Bazı yaygın iç mekan hava kirleticileri (örn. radon, partikül kirliliği, karbon monoksit, Legionella) ile sağlık etkileri arasındaki bağlantı iyi bilinmektedir.
• Radon bilinen bir insan kanserojenidir ve akciğer kanserinin ikinci önde gelen nedenidir.
Karbon monoksit zehirlidir ve kapalı ortamda yüksek düzeyde karbon monoksite kısa süreli maruz kalmak ölümcül olabilir.
Legionella bakterisine maruz kalmanın neden olduğu bir tür zatürre olan Lejyoner hastalığı, bakımı yetersiz klima veya ısıtma sistemlerine sahip binalarla ilişkilidir.
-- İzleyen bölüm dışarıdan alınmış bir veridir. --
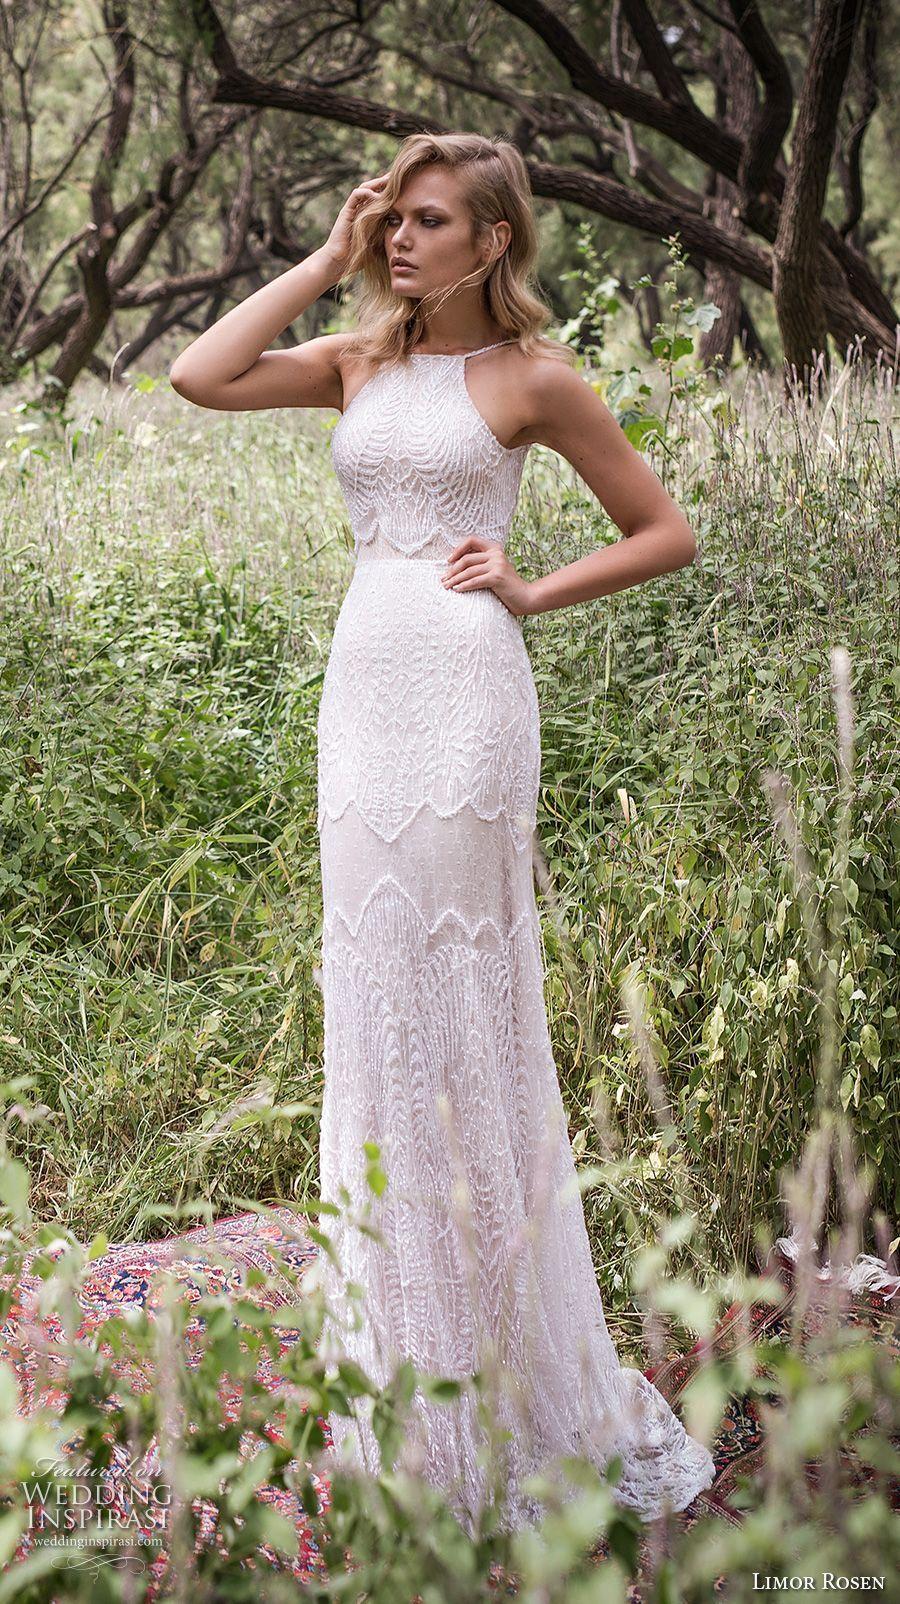 Limor Rosen's 2017 bridal collection presents the Tel Aviv based designer's most romantic wedding dress designs yet.

Pek çok iç mekan hava kirleticisi (toz akarları, küf, evcil hayvan kepeği, çevresel tütün dumanı, hamamböceği alerjenleri, partikül maddeler vb.) "astım tetikleyicileridir", yani bazı astımlılar maruz kaldıktan sonra astım atakları yaşayabilir.
Olumsuz sağlık etkileri belirli kirleticilere atfedilirken, bazı iç mekan hava kalitesi sorunlarına ilişkin bilimsel anlayış hala gelişmektedir.
Bunun bir örneği, bina sakinlerinin belirli bir binaya girdikten sonra benzer semptomlar yaşaması sonucu ortaya çıkan ve binayı terk ettikten sonra azalan veya kaybolan "hasta bina sendromu"dur. Bu semptomlar giderek artan bir şekilde binanın çeşitli iç mekan hava özelliklerine bağlanmaktadır.
Araştırmacılar aynı zamanda iç mekan hava kalitesi ile sınıftaki öğrenci performansı ve mesleki ortamlardaki üretkenlik gibi geleneksel olarak sağlıkla ilgisi olmadığı düşünülen önemli konular arasındaki ilişkiyi de inceliyorlar.
Gelişmekte olan bir diğer araştırma alanı ise enerji verimliliği ve iç mekan hava kalitesinin iyileştirilmesi için "yeşil binaların" tasarımı, inşası, işletilmesi ve bakımıdır.
ROE Endeksi
İç mekan hava kalitesi sorunları ve buna bağlı sağlık etkileri hakkında çok şey bilinmesine rağmen, şu anda uzun vadeli ve niteliksel verilere dayanan iç mekan hava kalitesine ilişkin yalnızca iki ulusal gösterge mevcuttur: radon ve serum kotinin (tütün dumanına maruz kalmanın bir ölçüsü). Dizin.)
Çeşitli nedenlerden dolayı ROE ölçümleri diğer iç hava kalitesi sorunları için geliştirilememektedir. Örneğin, istatistiksel olarak geçerli bir ev, okul ve ofis binası örneğinde hava kalitesini rutin olarak ölçen ülke çapında bir izleme ağı yoktur. Bu, çok çeşitli iç mekan hava kalitesi sorunları ve ilgili sağlık etkileri hakkında hiçbir şeyin bilinmediği anlamına gelmez. Bunun yerine, bu konulara ilişkin bilgi ve veriler hükümet yayınlarından ve bilimsel literatürden derlenebilir. Bu veriler ROE göstergeleri olarak sunulmamaktadır çünkü bunlar ulusal düzeyde temsili değildir veya yeterince uzun bir zaman dilimindeki sorunları yansıtmamaktadır.